What Theatre? Her Majesty’s? Far better. Royal Italian Opera? Far better. Infinitely superior to the latter for hearing in; infinitely superior to both, for seeing in. To every part of this Theatre, spacious fire-proof ways of ingress and egress. For every part of it, convenient places of refreshment and retiring rooms. Everything to eat and drink carefully supervised as to quality, and sold at an appointed price; respectable female attendants ready for the commonest women in the audience; a general air of consideration, decorum, and supervision, most commendable; an unquestionably humanising influence in all the social arrangements of the place.

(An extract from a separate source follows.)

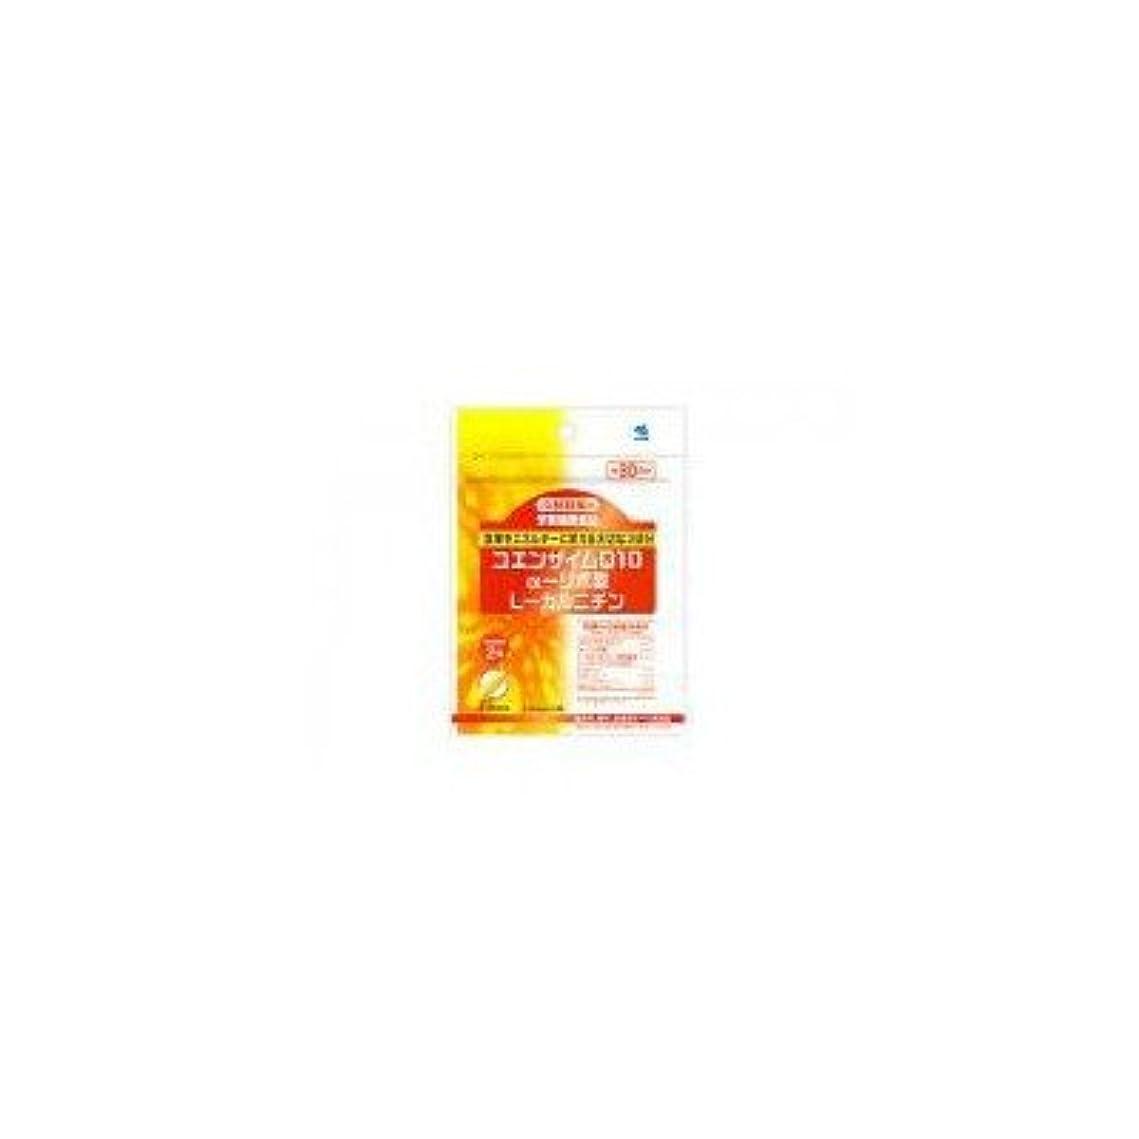 マグ初期の三角小林製薬の栄養補助食品 コエンザイムQ10+αリポ酸+Lカルニチン(60粒 約30日分) 4セット

Surely a dear Theatre, then? Because there were in London (not very long ago) Theatres with entrance-prices up to half-a-guinea a head, whose arrangements were not half so civilised. Surely, therefore, a dear Theatre? Not very dear. A gallery at three-pence, another gallery at fourpence, a pit at sixpence, boxes and pit-stalls at a shilling, and a few private boxes at half-a-crown.
A Cheap Theatre
My uncommercial curiosity induced me to go into every nook of this great place, and among every class of the audience assembled in it—amounting that evening, as I calculated, to about two thousand and odd hundreds. Magnificently lighted by a firmament of sparkling chandeliers, the building was ventilated to perfection. My sense of smell, without being particularly delicate, has been so offended in some of the commoner places of public resort, that I have often been obliged to leave them when I have made an uncommercial journey expressly to look on. The air of this Theatre was fresh, cool, and wholesome. To help towards this end, very sensible precautions had been used, ingeniously combining the experience of hospitals and railway stations. Asphalt pavements substituted for wooden floors, honest bare walls of glazed brick and tile—even at the back of the boxes —for plaster and paper, no benches stuffed, and no carpeting or baize used; a cool material with a light glazed surface, being the covering of the seats.
These various contrivances are as well considered in the place in question as if it were a Fever Hospital; the result is, that it is sweet and healthful. It has been constructed from the ground to the roof, with a careful reference to sight and sound in every corner; the result is, that its form is beautiful, and that the appearance of the audience, as seen from the proscenium—with every face in it commanding the stage, and the whole so admirably raked and turned to that centre, that a hand can scarcely move in the great assemblage without the movement being seen from thence—is highly remarkable in its union of vastness with compactness. The stage itself, and all its appurtenances of machinery, cellarage, height and breadth, are on a scale more like the Scala at Milan, or the San Carlo at Naples, or the Grand Opera at Paris, than any notion a stranger would be likely to form of the Britannia Theatre at Hoxton, a mile north of St. Luke’s Hospital in the Old-streetroad, London. The Forty Thieves might be played here, and every thief ride his real horse, and the disguised captain bring in his oil jars on a train of real camels, and nobody be put out of the way. This really extraordinary place is the achievement of one man’s enterprise, and was erected on the ruins of an inconvenient old building in less than five months, at a round cost of five-and-twenty thousand pounds. To dismiss this part of my subject, and still to render to the proprietor the credit that is strictly his due, I must add that his sense of the responsibility upon him to make the best of his audience, and to do his best for them, is a highly agreeable sign of these times.